A government with a perfectly secure majority has been in perpetual crisis primarily because of the poor quality of its senior membership, revealed in embarrassing detail by the Covid inquiry. With the possible exceptions of Michael Gove and James Cleverly, Sunak chose a second- and third-rate team. He has been chopping and changing ever since. Ministers such as Grant Shapps have held four cabinet posts in just over a year.

It is said that it takes two years before ministers can run their offices effectively. Until then, their offices run them. That depends on them being allowed to do so. Braverman illustrated how debilitated the present civil service is in being able to advise and, if need be, curb a recalcitrant newcomer. It is nonsense to believe that officials are there to do as they are told. They represent legality and experience in government and the need for Whitehall coordination. At present, ministries such as justice, health, transport and housing seem perpetually overstretched and accident-prone. Nothing is more damaging to a government department than a constant change of minister. Under the present Tory party, that has become a disease.

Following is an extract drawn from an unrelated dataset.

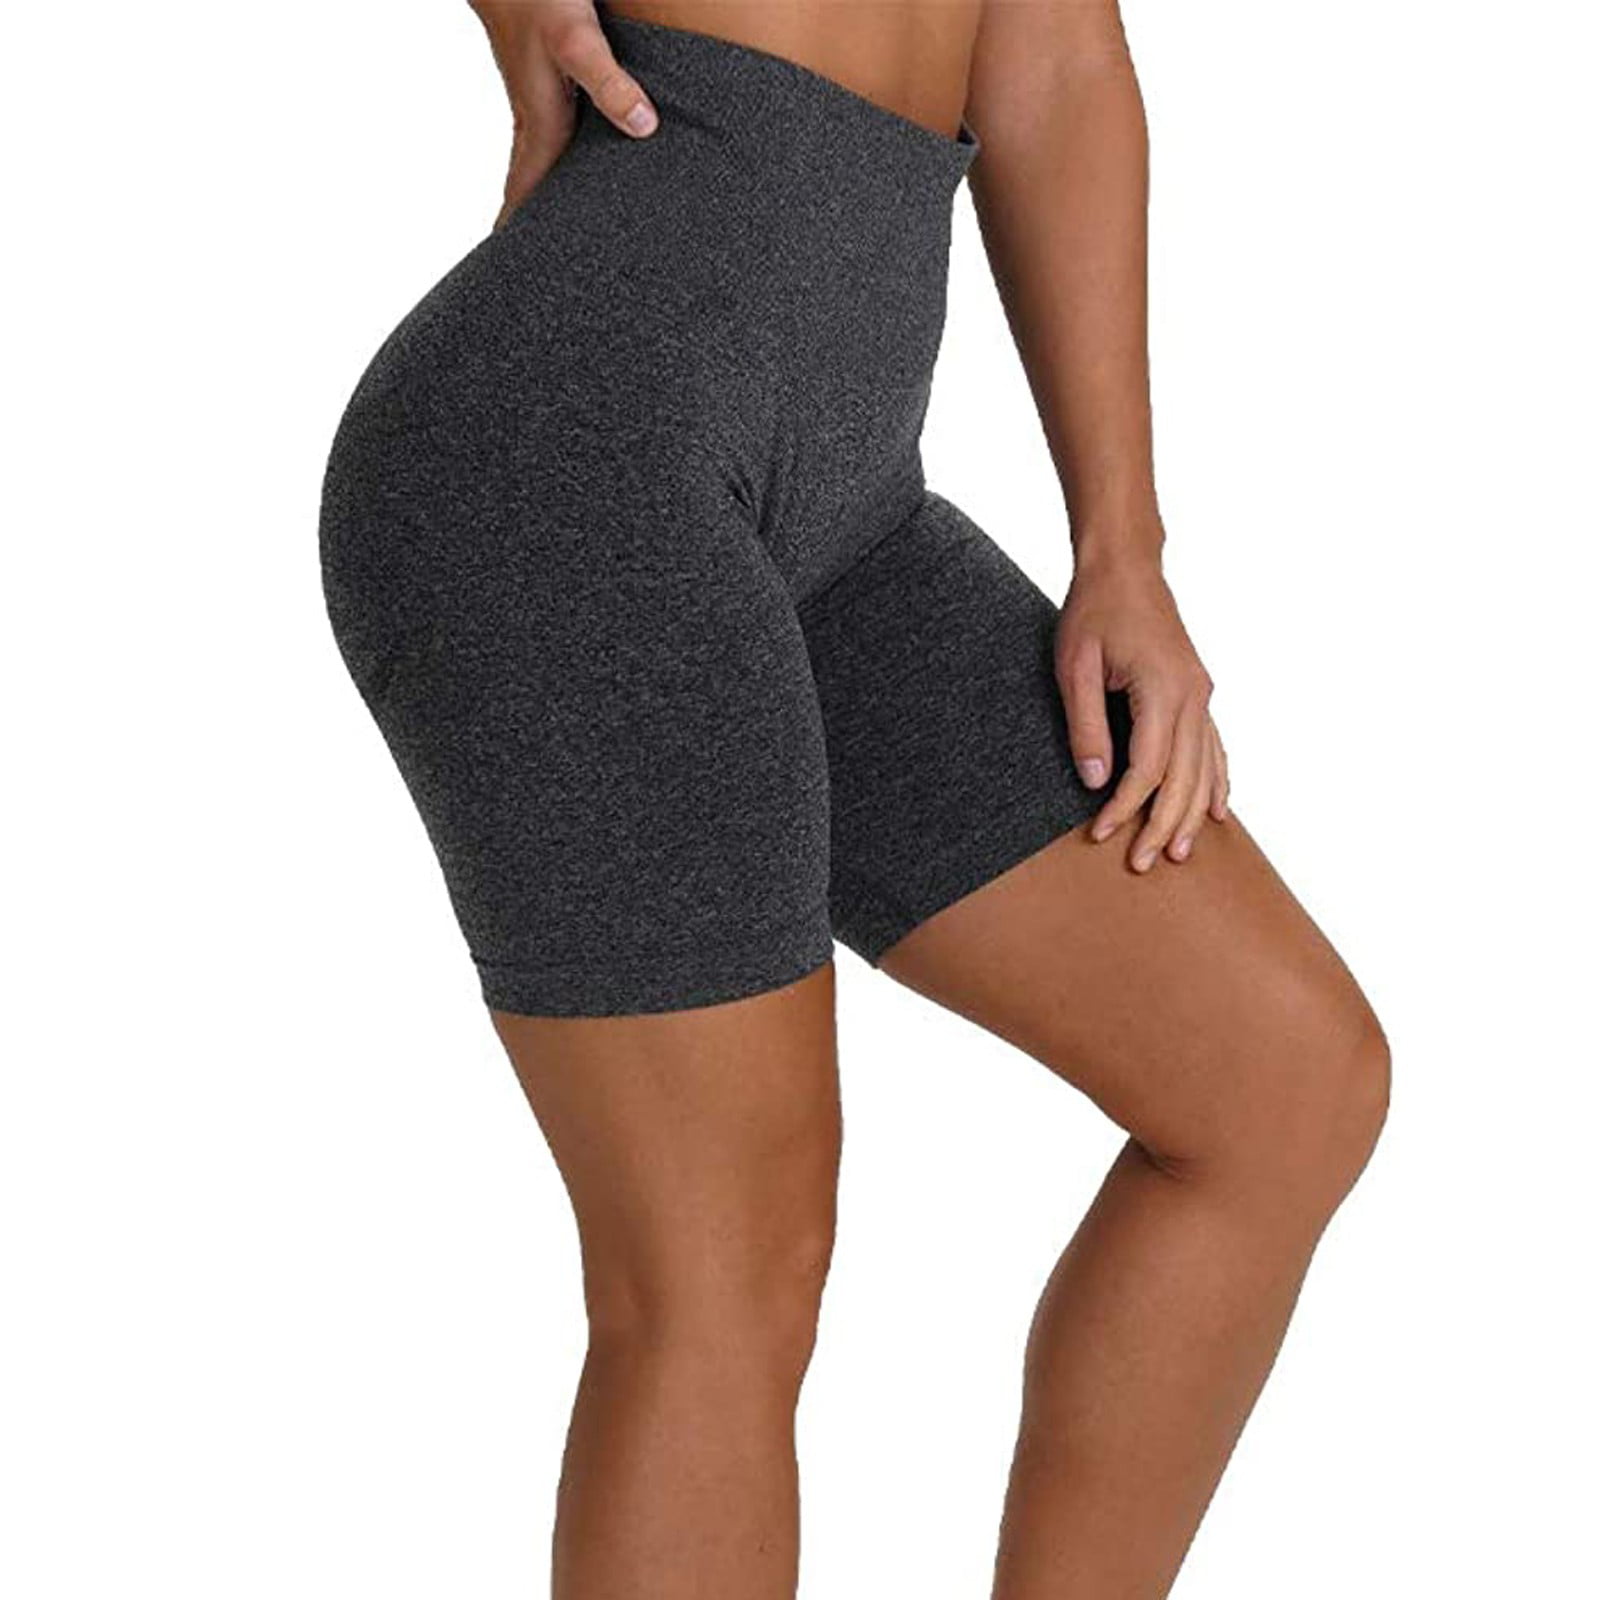 kpoplk Yoga Pants With Pockets For Women,Women's Yoga Short Tummy Control  Workout Running Athletic Non See-Through Yoga Shorts with Hidden Pocket(Black,M)  - Walmart.com

Sunak is an honest and hardworking prime minister, but one embarrassingly short of sound advice. He is unlikely to have more than another year in Downing Street and is entitled to pray that it be a peaceful one. He has put the Home Office in the hands of Cleverly and brought David Cameron back to office – at least he has the virtue of experience. But when the only figure fit to be foreign secretary was not a member of either house of parliament, then you know the Tories are in deep trouble. (Cameron will now enter the House of Lords as a life peer.)

The Conservative party used to define itself above all as a club. Its leaders knew they could rely on friendship, loyalty and good behaviour, especially in office. The present party is quite different. It is a band of self-starters, individuals and loners. It is certainly no club. They can now be relied upon for one thing: to turn Sunak’s lame-duck premiership into a fierce primary campaign for his succession.